Quantum Metamorphosis: Topology in Multiscale systems

Multiscale synergy---the interplay of a system's distinct characteristic length, time, and energy scales---is becoming a common thread across many contemporary branches of science. Ranging from moir\'{e} and super-moir\'{e} materials and cold atoms to nested photonic networks, multiscale synergy produces behaviors not obtainable at any single scale alone. Yet a general framework that programs cross-scale interplay to steer spectra, transport, and topology has been missing. Here, we elevate multiscale synergy from a byproduct to a general design rule for emergent phenomena.

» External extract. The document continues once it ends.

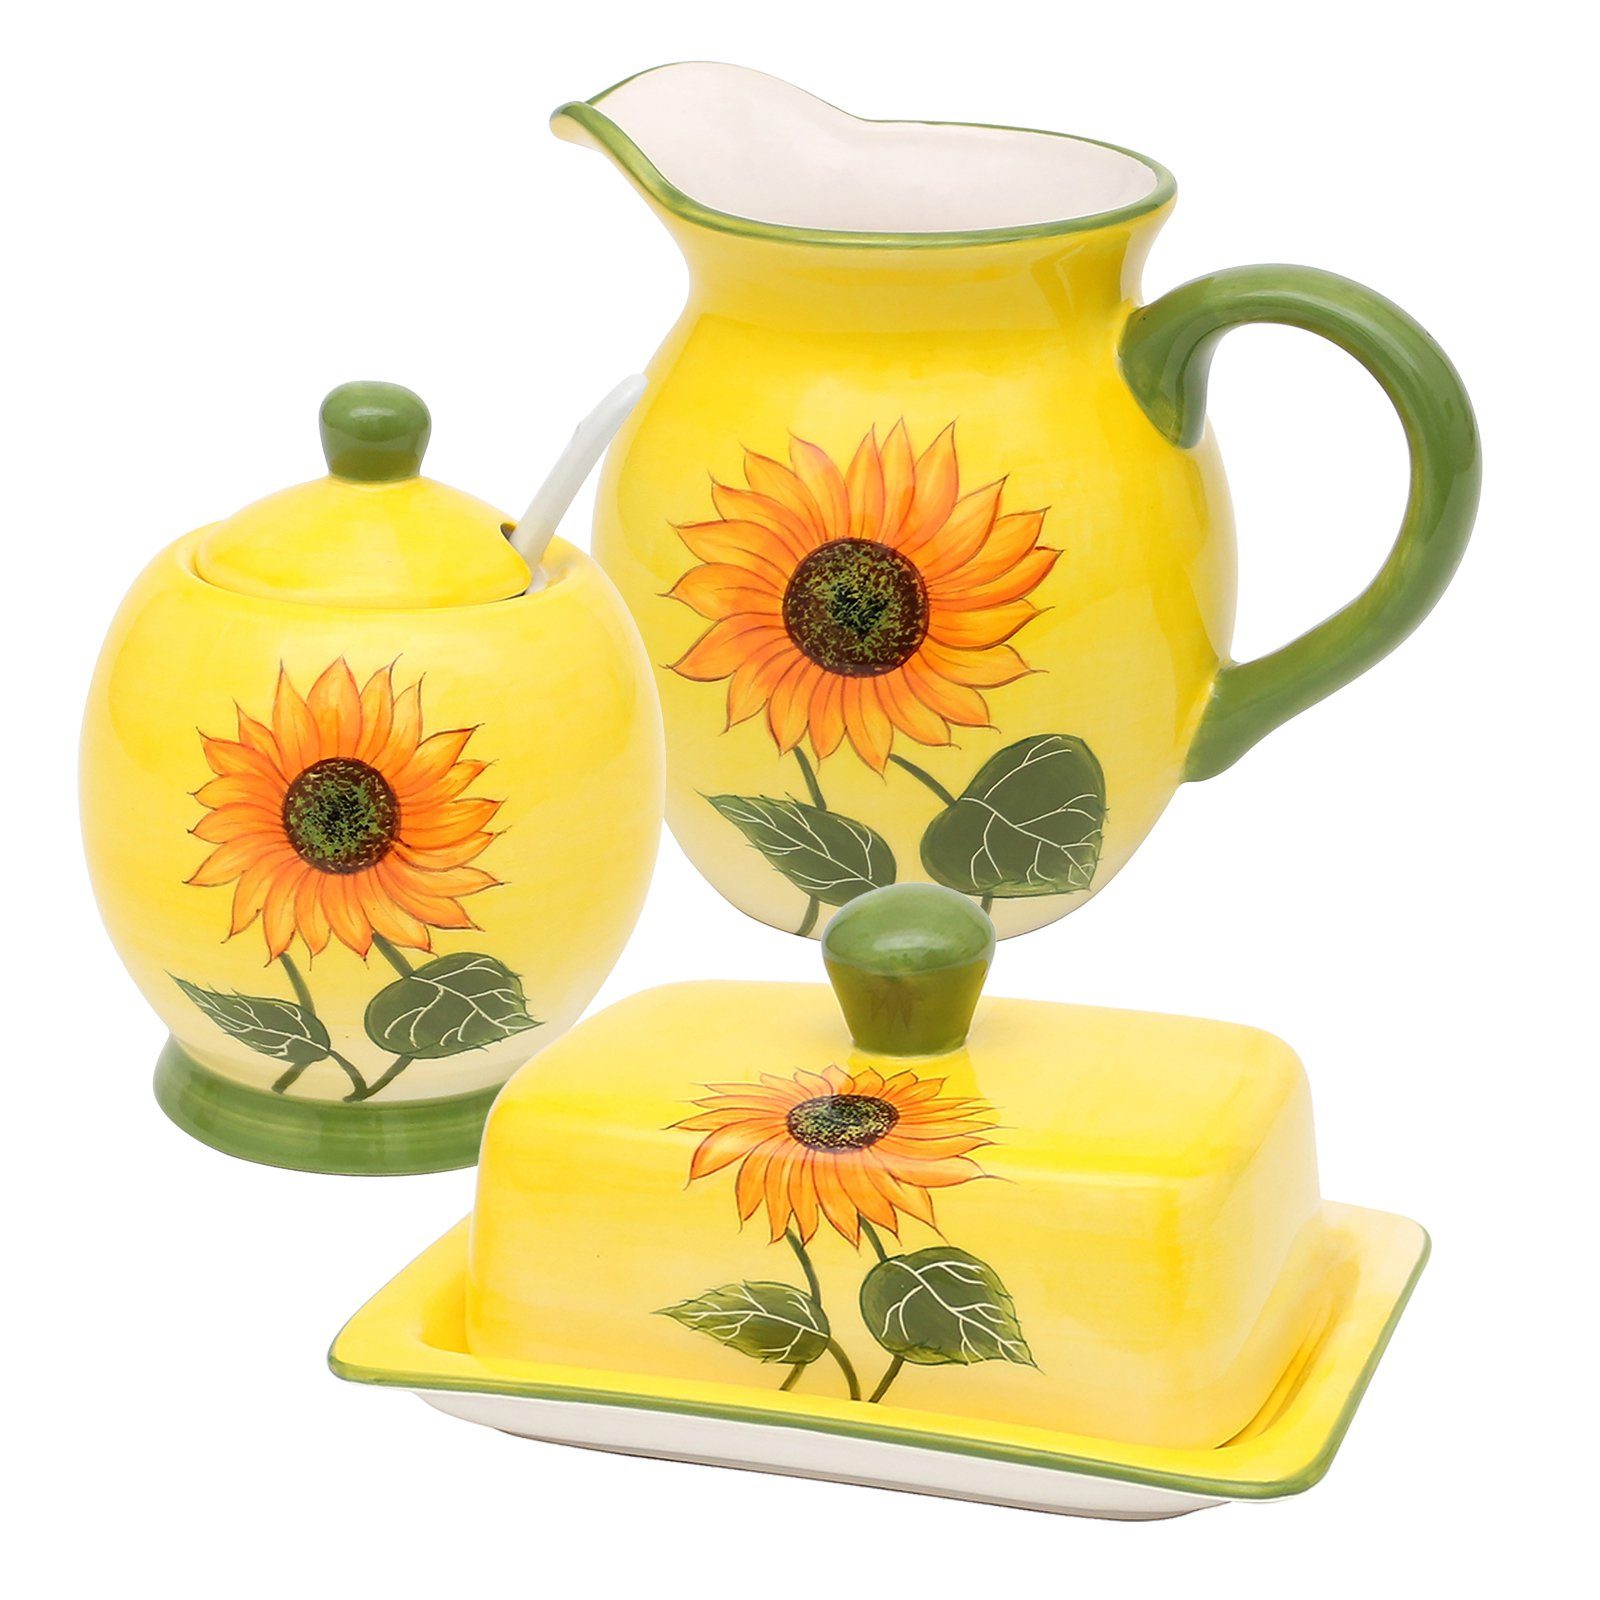 Neuetischkultur Frühstücks-Geschirrset Keramik-Set 3-teilig Keramik, Sahnekännchen (3-tlg), Zuckerdose Butterdose Frühstücksset Sonnenblume

Specifically, we introduce a scale-programmable framework for hierarchically nested lattices that can host quantum metamorphosis (\emph{\textbf{Q}u\textbf{M}orph)}---a continuous evolution between system-dependent features governed by a dimensionless tunable parameter $\alpha$. To exemplify, we show a nested lattice in which as \(\alpha\) changes, the spectrum metamorphoses from integer-quantum-Hall–like to anomalous-quantum-Hall–like, passing through a cocoon regime with proliferating mini-gaps. This multiscale mixing yields multiple novel phenomena, including hybrid edge–bulk states, scale-aware topology, topologically embedded flat bands, and isolated edge bands. We propose a feasible photonic implementation using commercially available coupled-resonator arrays, outline spatial–spectral signatures to map QuMorph, as well as exploring applications for multi-timescale nonlinear optics. Our work establishes a programmable avenue for engineering multi-scale emergent phenomena.